Showing posts with label order. Show all posts
Showing posts with label order. Show all posts

Sunday, 4 August 2019

Haydn, Happiness & Hope: A sermon at the Edinburgh Festival

When the first Edinburgh International Festival took place in 1947, it was “to heal the wounds of war through the language of the arts” by providing “a platform for the flowering of the human spirit”. The brief looked for a city with a distinguished setting and townscape that would embrace the opportunity “to make the festival a major preoccupation not only in the City Chambers but in the heart and home of every citizen, however modest”. That’s an aspiration to admire, not least for its idea that the arts need to find a place in our healing and flourishing, and that they belong to everyone, not only the wealthy or well-educated or privileged. An event that was any less generous or inclusive would not be the Edinburgh Festival we cherish.

Among possible festival locations, Salzburg was mentioned as the kind of city to emulate.

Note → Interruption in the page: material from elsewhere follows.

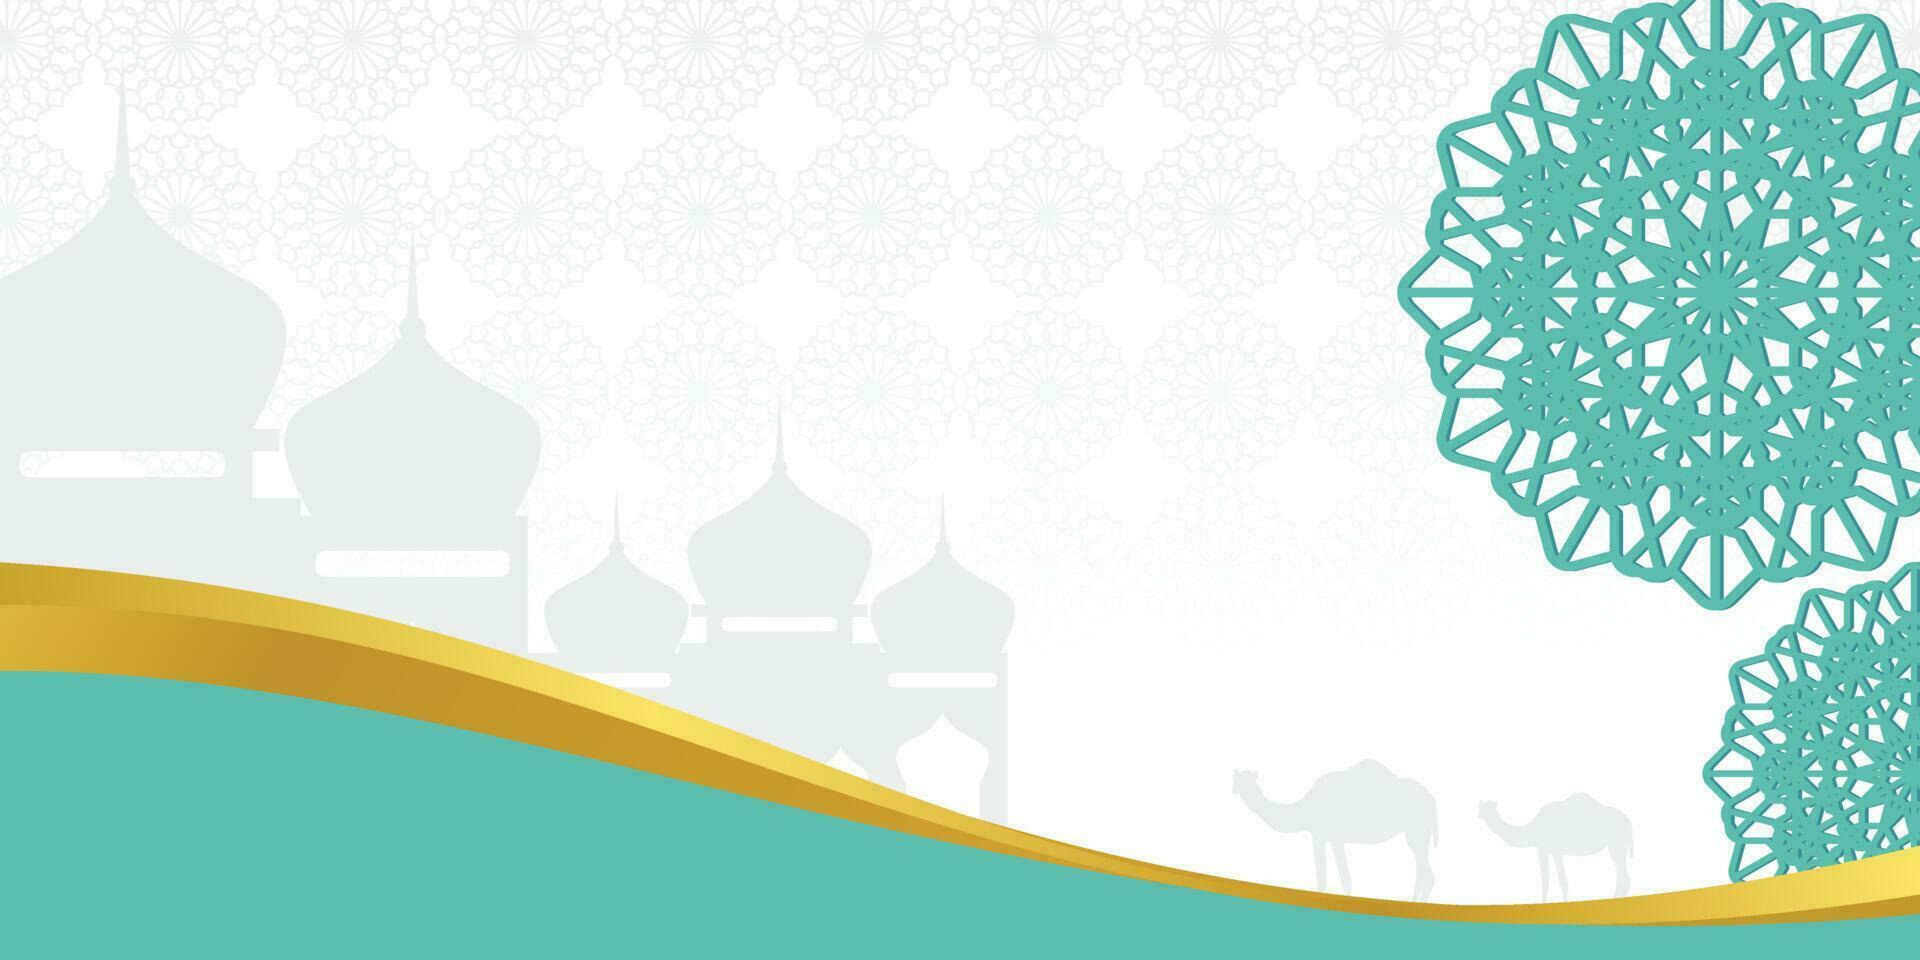 islamique arrière-plan, avec mosquée, mandala et chameau Icônes. bannière modèle avec vide espace pour texte. islamique saint journée vecteur illustration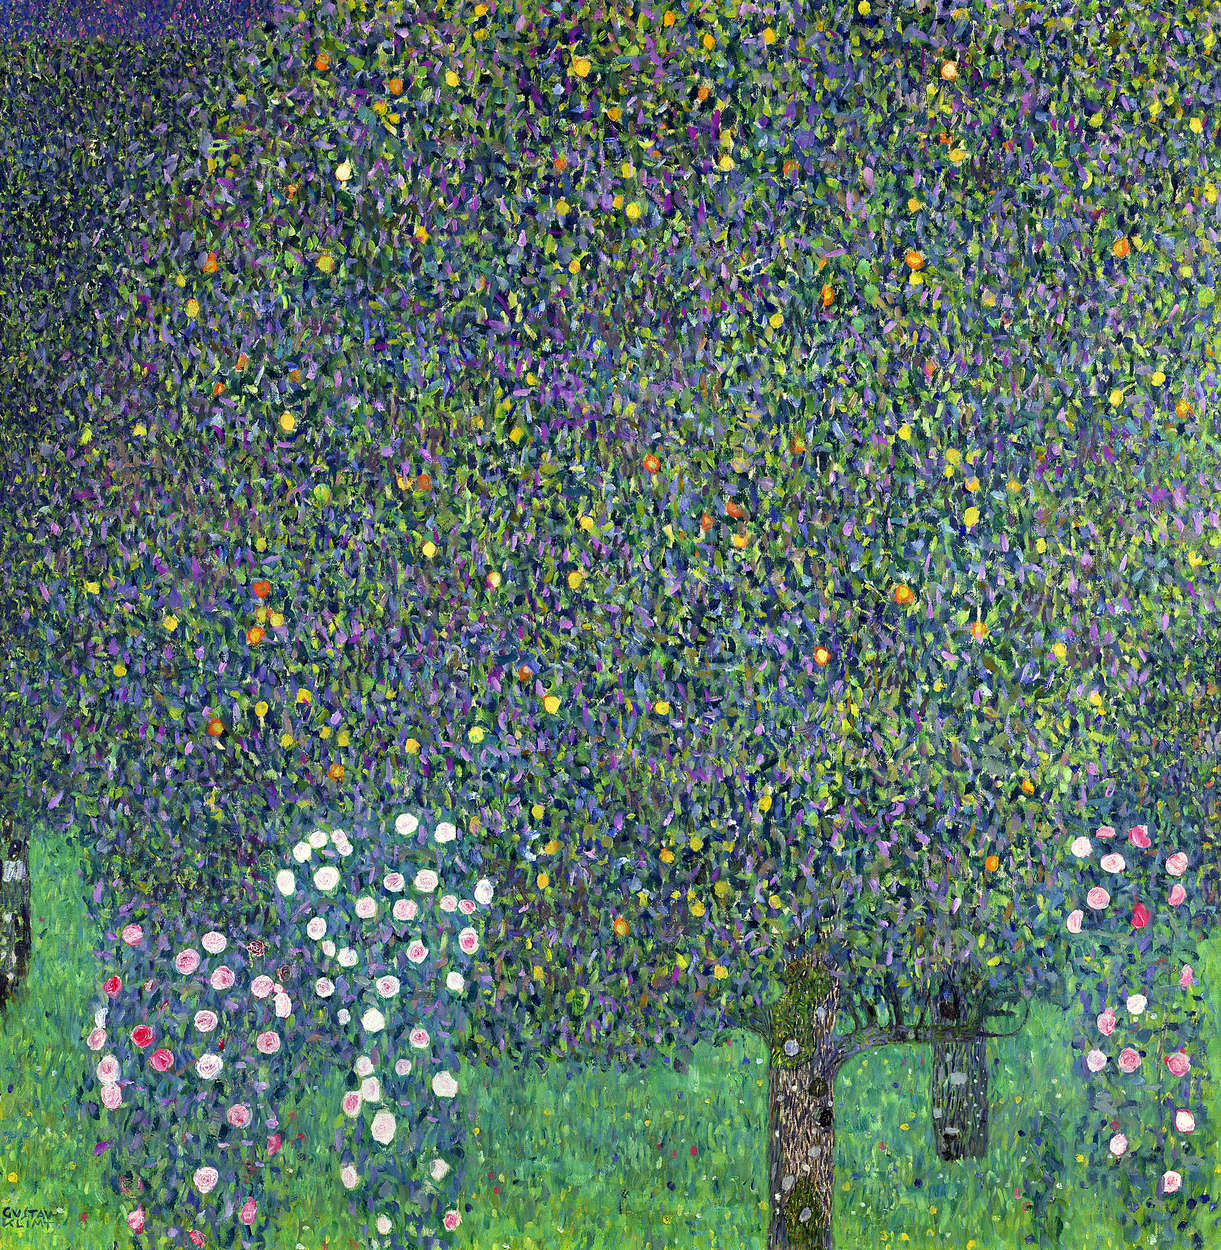             Papier peint panoramique "Roses sous les arbresum" de Gustav Klimt

So how apt to have the city of Mozart represented at this mass through his sublime Ave Verum, and indeed eighteenth century Austria, the homeland also of Joseph Haydn whose Little Organ Mass we are enjoying this morning. In its way, our music from the German-speaking world (including a Bach organ voluntary) affirms a confident Europeanism, our belonging to this continent that has enriched Scotland in so many ways and to which (setting a fine example to England) it remains sturdily committed. Brexit is not a word that’s understood in the world of music, theatre, film, letters or art.

The Haydn brothers Joseph and Michael, both great composers, were deeply religious men. Of Joseph’s Little Organ Mass one of the experts* has said: “in this music, Haydn’s religious character becomes glowingly apparent: instinctive and unquestioning in faith, yet celebratory and reverent, seeking devotion through the contemplation of beauty.” Near the end of his life he was taken to a performance of his Creation to celebrate his birthday. When they reached that glorious C major chord that bursts out of the representation of chaos at the start of the score, “And there was light”, Haydn, it is said, “raised his trembling arms to Heaven, as if in prayer to the Father of Harmony”.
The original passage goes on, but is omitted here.